Ammazzateci Tutti
- The first public manifestation of Ammazzateci tutti at the funeral of Francesco Fortugno on 19 October 2005 in Locri. The sign writes: And Now, Kill Us all. (Photo: Adriana Sapone)
- Founded: October 2005 by Aldo Pecora in Italy
- Type: Non-profit
- Services: Education to legality
- Website: www.killusall.org

= Ammazzateci tutti =

Ammazzateci tutti (Italian for "Kill Us All") is an Italian Antimafia social movement created in Locri, Calabria (South of Italy) at the end of 2005 by Aldo Pecora, the spokesperson of the movement. The movement is also known as "Ragazzi di Locri" (Kids from Locri) because it is composed principally of young high school and university students.

The movement emerged when Francesco Fortugno, a centre-left politician and deputy president of the regional parliament, was killed by the 'Ndrangheta on 16 October 2005 in Locri. The first public manifestation of the movement was at the funeral of Fortugno on 19 October 2005, with a banner And Now Kill Us All.

Ammazzateci Tutti played a key role in organizing the largest popular demonstration ever in Locri on 4 November 2005. The event was attended by over 15,000 people, mainly by putting online the website www.ammazzatecitutti.org, which registered more than 200.000 contacts in one week.

"Ammazzateci tutti is a message that expresses both hope and challenge to the 'Ndrangheta, saying 'See if you have enough lead to kill us all,' " according to Pecora. "It's also a challenge to normal people to rebel against the 'Ndrangheta." Since its founding, Ammazzateci tutti has held regular demonstrations designed to pressure the Italian state into taking action against the 'Ndrangheta.

President and national spokesman of the movement is Aldo Pecora.

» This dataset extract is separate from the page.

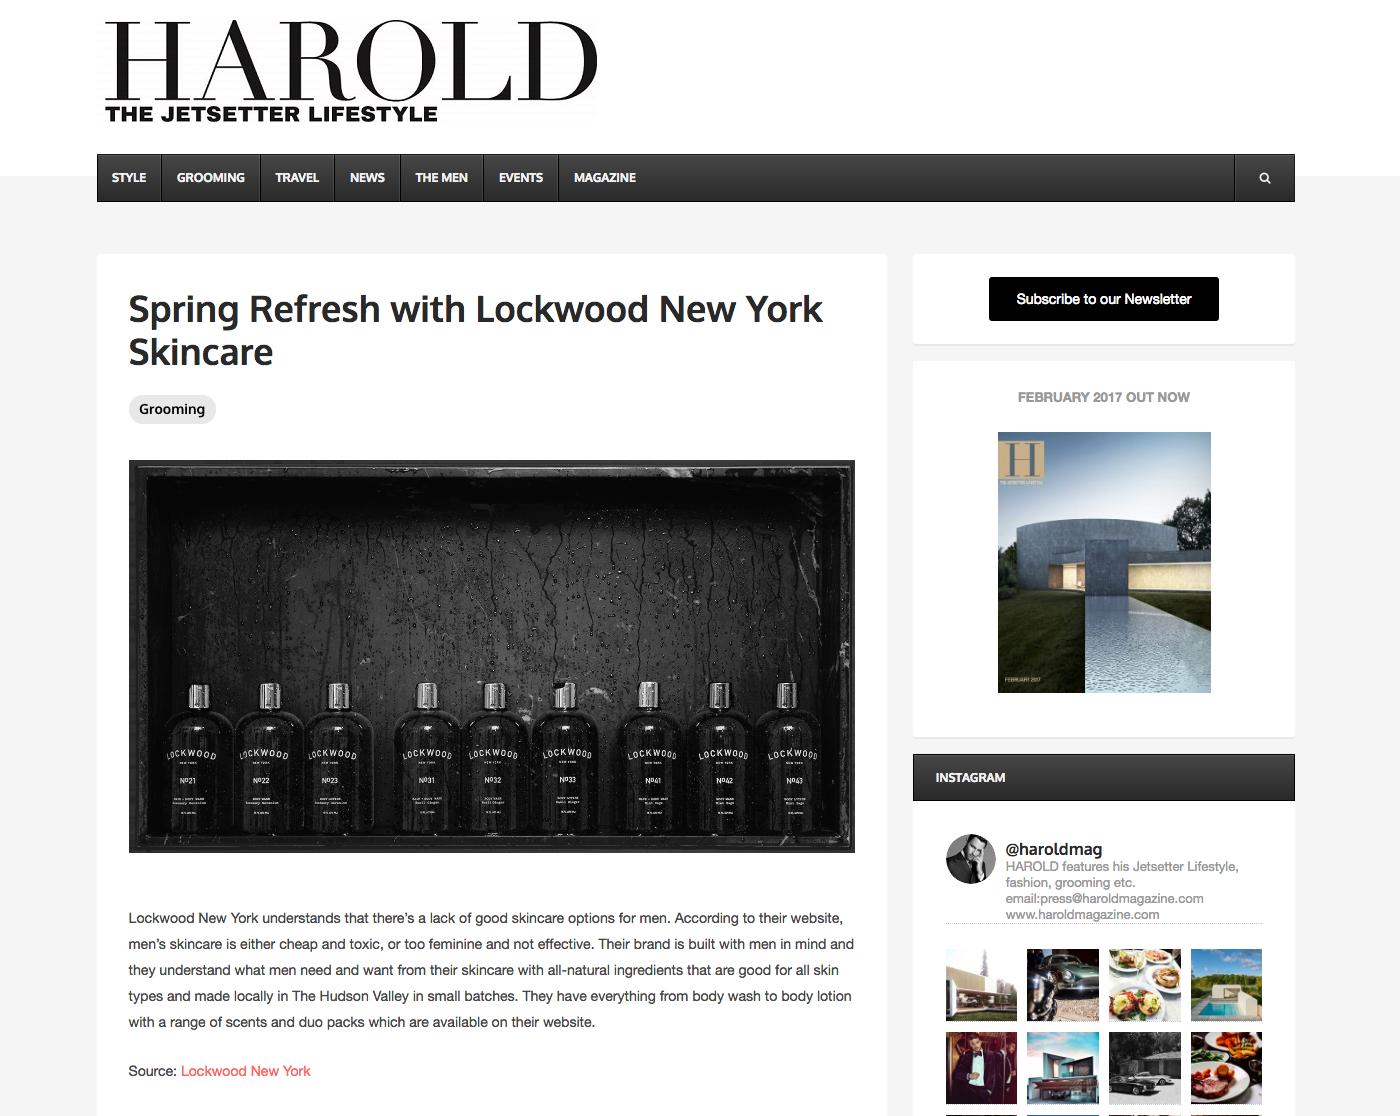 Harold Magazine: Spring Refresh With Lockwood New York

The national coordination of the movement is led by Rosanna Scopelliti, daughter of the magistrate Antonino Scopelliti, killed by the 'Ndrangheta in August 1991. The movement uses a phrase of the Calabrian writer Corrado Alvaro to depict the spirit of the movement : "The worst desperation of a society is the doubt that living honestly is useless."